I.3.4. État de l’art des connaissances épigénétiques chez S. mansoni

L’épigénome de S. mansoni est en phase d’exploration. La présence de la méthylation de l’ADN est controversée. Elle serait globalement très faible et limitée à une fenêtre développementale très ciblée, mais il semblerait qu’elle joue un rôle au niveau de l’oviposition (Fantappié et al. 2001; Geyer et al. 2013; Raddatz et al. 2013). Les annotations du génome et du transcriptome ont montré une structure très conservée des histones et des enzymes les modifiant (Berriman et al. 2010; Protasio et al. 2012). Sur ce point, mon laboratoire d’accueil a mis au point la technique d’immunoprécipitation de chromatine suivi de séquençage (ChIP-Seq) en ciblant des modifications d’histones, sur miracidia, cercaires et vers adultes (Cosseau et al. 2009; Cosseau & Grunau 2011). Plusieurs études ont

récemment été consacrées à la caractérisation des ARNs non-codants chez S. mansoni. Elles ont dressé un inventaire des micros ARNs (miRNA) chez cet organisme à différents stades de développement (Simões et al. 2011) et identifiant éventuellement leurs cibles (de Souza Gomes et al. 2011). D’autres ont mis en évidence des différences d’expression des miRNA entre mâles et femelles adultes (Marco et al. 2013). On note de nombreuses publications sur ces ARNs non-codants chez S. japonicum (Cai et al. 2013), suggérant leurs rôles dans la maturation sexuelle des femelles chez ce parasite (Sun et al. 2014), leurs cibles possibles (Sun et al. 2014) et révélant leur présence circulante dans l’organisme de l’hôte définitif (Zhu 2015).

Un pan important de l’interaction de compatibilité/incompatibilité avec les hôtes mollusques est sous contrôle épigénétique. Bien que leur action exacte reste encore à éclaircir, les SmPoMucs (Schistosoma mansoni polymorphic mucins) sont des intermédiaires essentiels au succès d’infection de l’hôte intermédiaire.
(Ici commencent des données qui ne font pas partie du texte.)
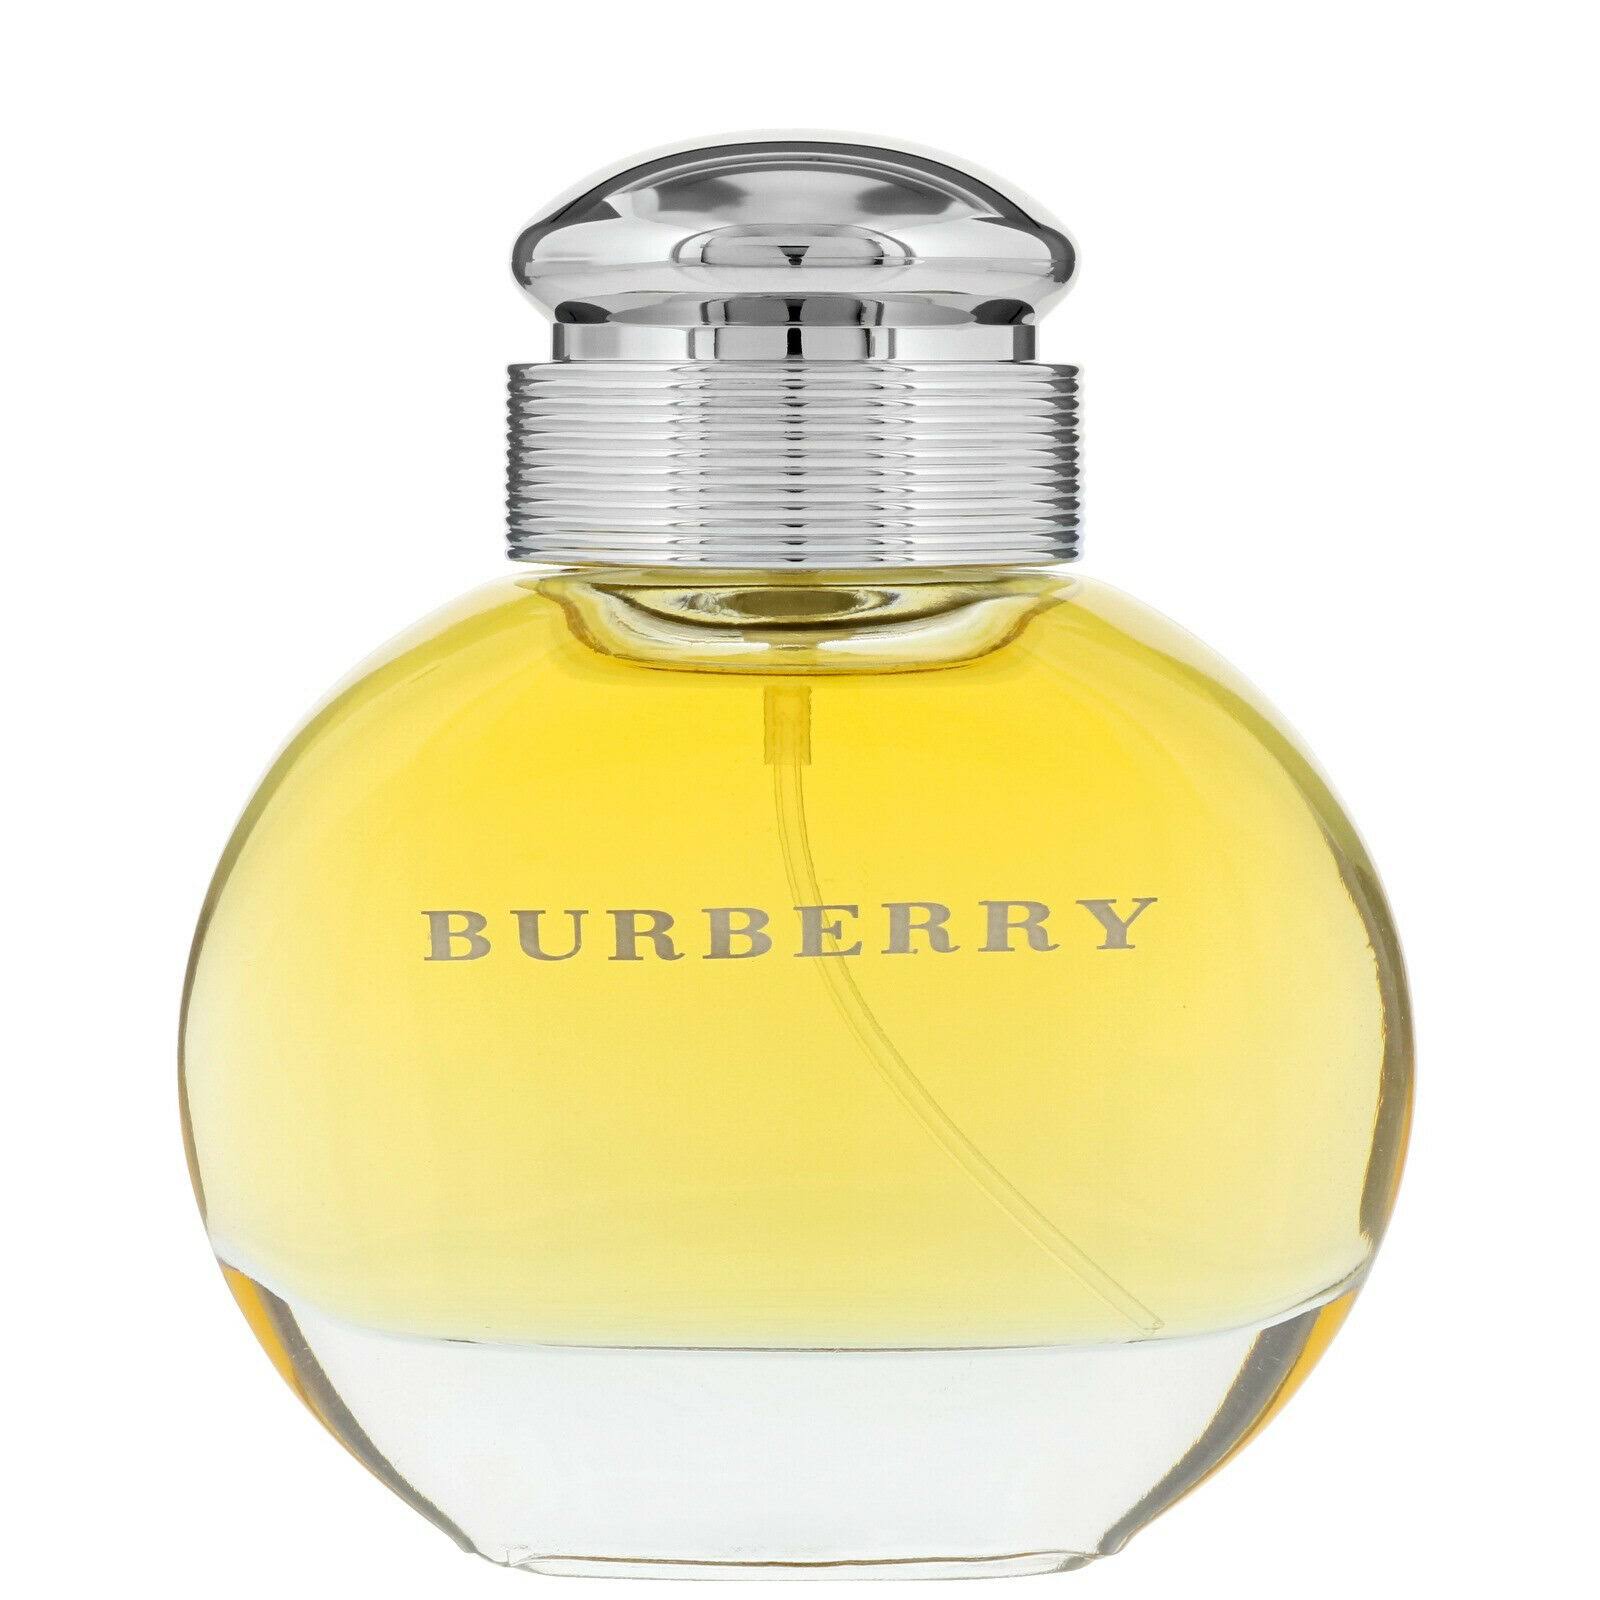 Burberry Eau de Parfum Natural Spray - 50ml

Cette famille de gènes est exprimée au moment de la pénétration dans le mollusque sous la forme de variants très divers d’un miracidium à un autre (Roger et al. 2008). Des différences génétiques existent entre les promoteurs de ces gènes, mais ne suffisent pas à expliquer la grande diversité d’expression observée. On retrouve par contre des structures chromatiniennes très conservées et héritées de manière non mendéliennes qui peuvent expliquer les différences d’expressions entre individus (Perrin et al. 2013; Fneich 2014). D’autres expériences avec la trichostatine A (TSA), un inhibiteur d’histones déacétylases, permettent d’observer un changement vers une structure euchromatique au niveau des gènes SmPoMucs. Cela se traduit par une forte augmentation de la diversité de l’expression de ces protéines chez les miracidia (contre seulement quelques variants sans l’ajout de TSA) (Cosseau et al. 2010).

L’étude des mécanismes épigénétiques chez S. mansoni vise aussi le développement de nouvelles molécules thérapeutiques (Cabezas-Cruz et al. 2014). Par exemple, l’histone déacétylase 8 du parasite (smHDAC8) est essentielle à la survie des schistosomes. Sa structure étant notablement différente de celle des vertébrés, cela en fait un bon candidat pour des inhibiteurs ciblant le parasite, mais n’ayant pas d’effets sur son hôte (Marek et al. 2013).

I.3.5. Précédentes expériences et résultats

Avant mon arrivée en thèse, l’équipe de Christoph Grunau (laboratoire UMR 5244 IHPE) avait initié plusieurs expériences visant à observer si certains changements de conditions environnementales (écologiquement réalistes) pouvaient induire des phénotypes héritables chez S. mansoni, et leurs liens avec des changements de la structure chromatinienne. Ces travaux visaient à établir des profils de quelques modifications d’histones, à l’échelle du génome, sur plusieurs stades développementaux.